Posted on the 27 January 2014 by Badgereverglade
Wikipedia | Gastroesophageal reflux disease

This is the Wikipedia image for GERD. I’m not really sure what I’m looking at.

My history of disordered eating most likely isn’t entirely to blame for my gastroesophogeal reflux disease (GERD), but I’m also sure it didn’t help matters that I once habitually binged on and purged large quantities of food. Faulty esophagi run in my family — I’ve suffered from heartburn at least as early as seven years old — but I took my jalopy of an esophagus and tried to drive it up a mountain during a massive landslide.

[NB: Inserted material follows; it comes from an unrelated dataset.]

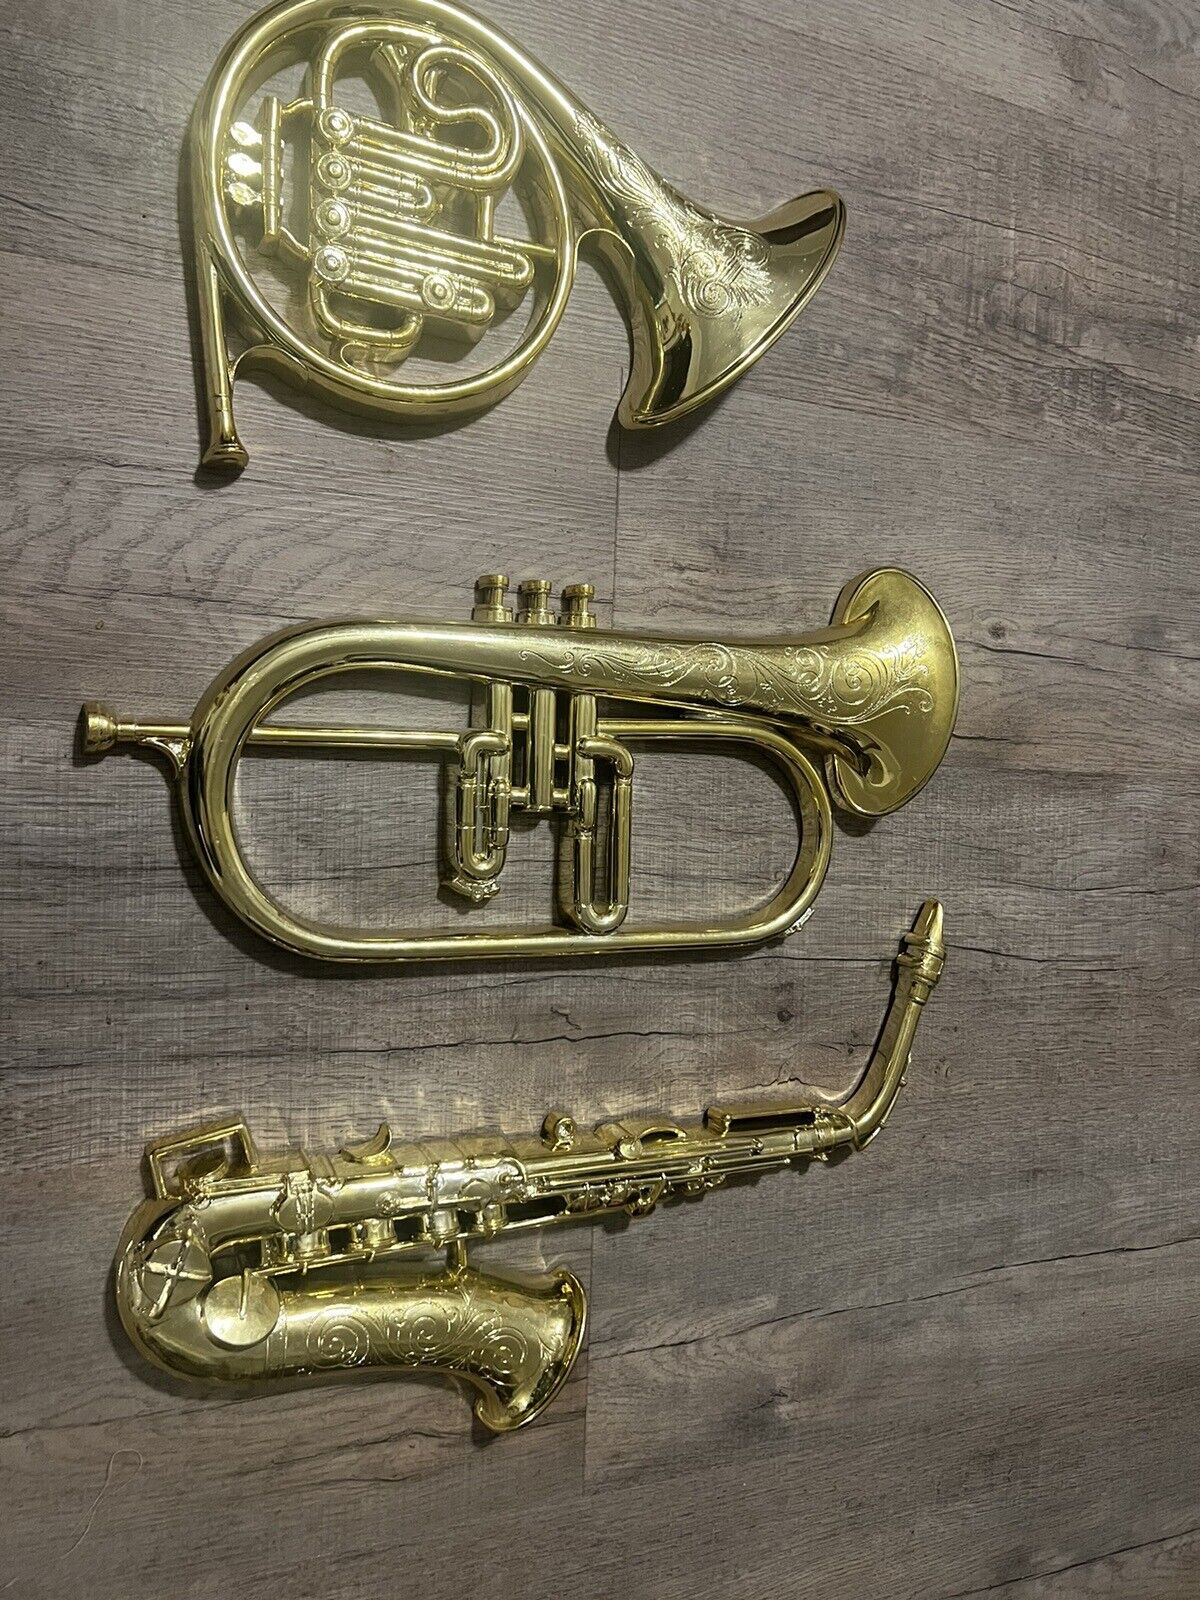 COMPLETE SET 1978 Syroco Musical Instruments Wall Hangings 7562 Horn Trumpet Sax
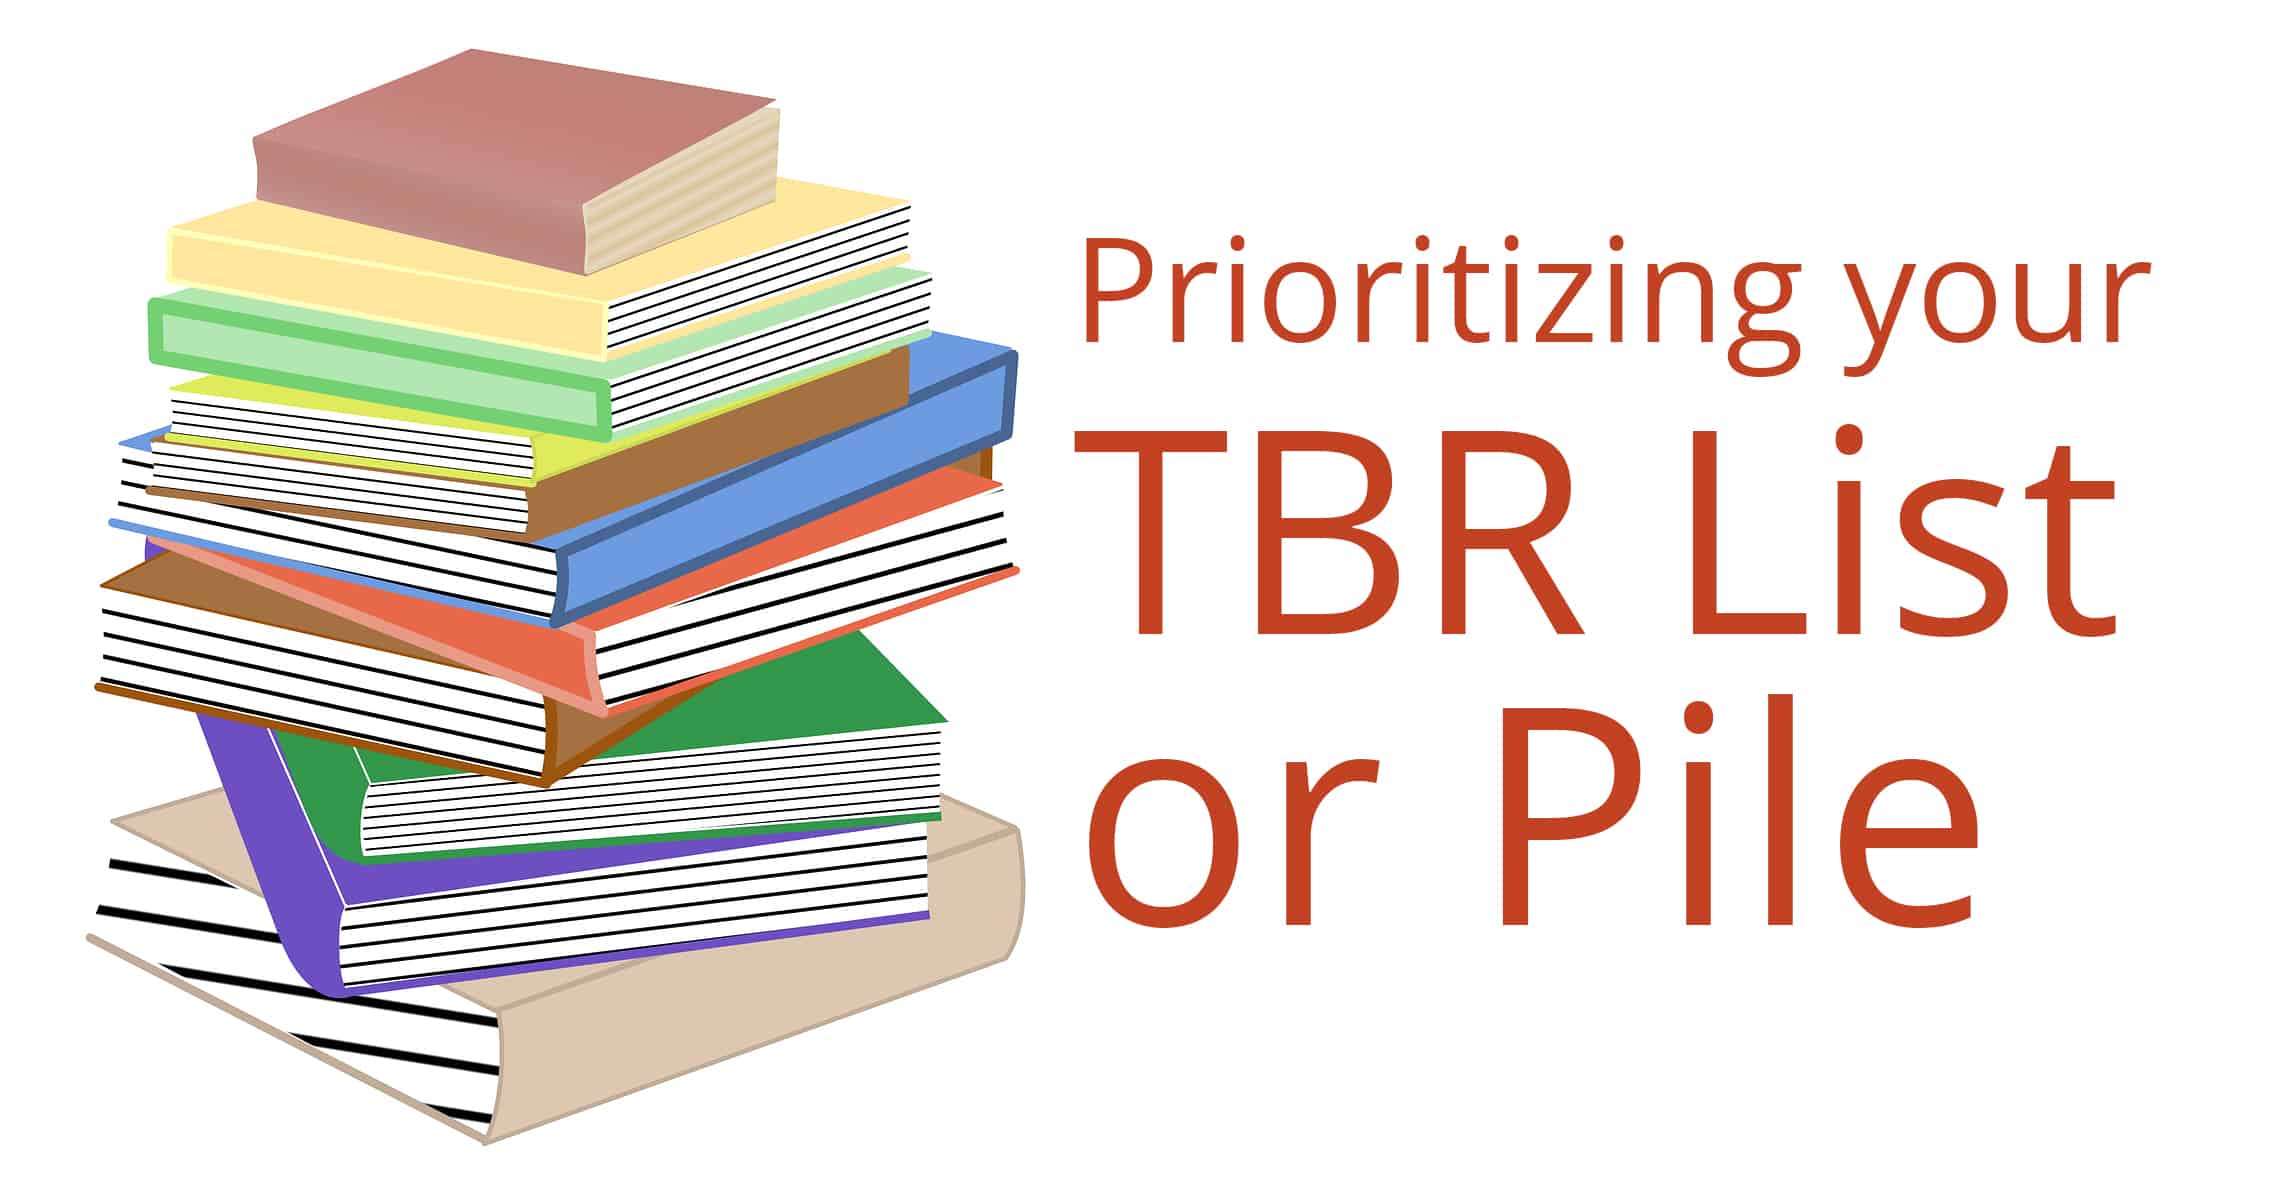 Prioritizing your TBR List or Pile

And similarly, it’s not fun to have gastrointestinal problems when you already have a pretty strained relationship with eating.

One of the most delightful symptoms of GERD is shortness of breath following meals. Eating large meals makes me feel like I’m suffocating for a couple of hours. Eating medium-sized meals makes me feel like I’m suffocating for a couple of hours.

I have to eat small, spaced-out meals if I want to have any sort of comfort. And it kind of pisses me off. It pisses me off because I am so way past done limiting the amount of food that I eat. It pisses me off that the amount of food that makes me feel satisfied is equal to the amount of food that makes me feel like someone is holding a pillow over my face.

It doesn’t take a genius to think of all the various ways this fucks with the post-ED psyche. Is this my fault? These symptoms are relatively recent — did I deliver the death blow to my esophagus?

My body is physically forcing me to eat in a way that reminds me of the days when I dieted, when I deprived myself. This isn’t an uncommon situation for people with gastric problems. My fiance has to eat like a bird because of his Crohn’s. This way of eating is convenient for neither of us, doesn’t line up with our schedules or appetites.

But these are the cards we’re dealt, and we cope.

I, for one, have found something of a workaround.

It might sound crazy, but one of the ways I counter my stupid stomach is by drinking my nutrients. The “crazy” part comes in because I drink coldbrew coffee every day. You might be saying, “Coffee? Reflux?”, but for me, coldbrew coffee has been a godsend because it cuts down on the acid, and I drink nice dark roasts that don’t bother my stomach.

I put a generous portion of heavy cream in my coffee, and the fat keeps me satiated without making it hard for me to breathe. I didn’t come up with this idea myself — my friend Lisa, who has stomach problems due to WLS, mentioned once that coffee drinks are a great way to get energy when you’re having problems digesting solid food. Similarly, some of my low-carb friends rave about things like bulletproof coffee, basically a very fatty, energy-rich coffee concoction using grass-fed butter.

So that’s the stopgap for now, at least until I figure out how to fix my food tube.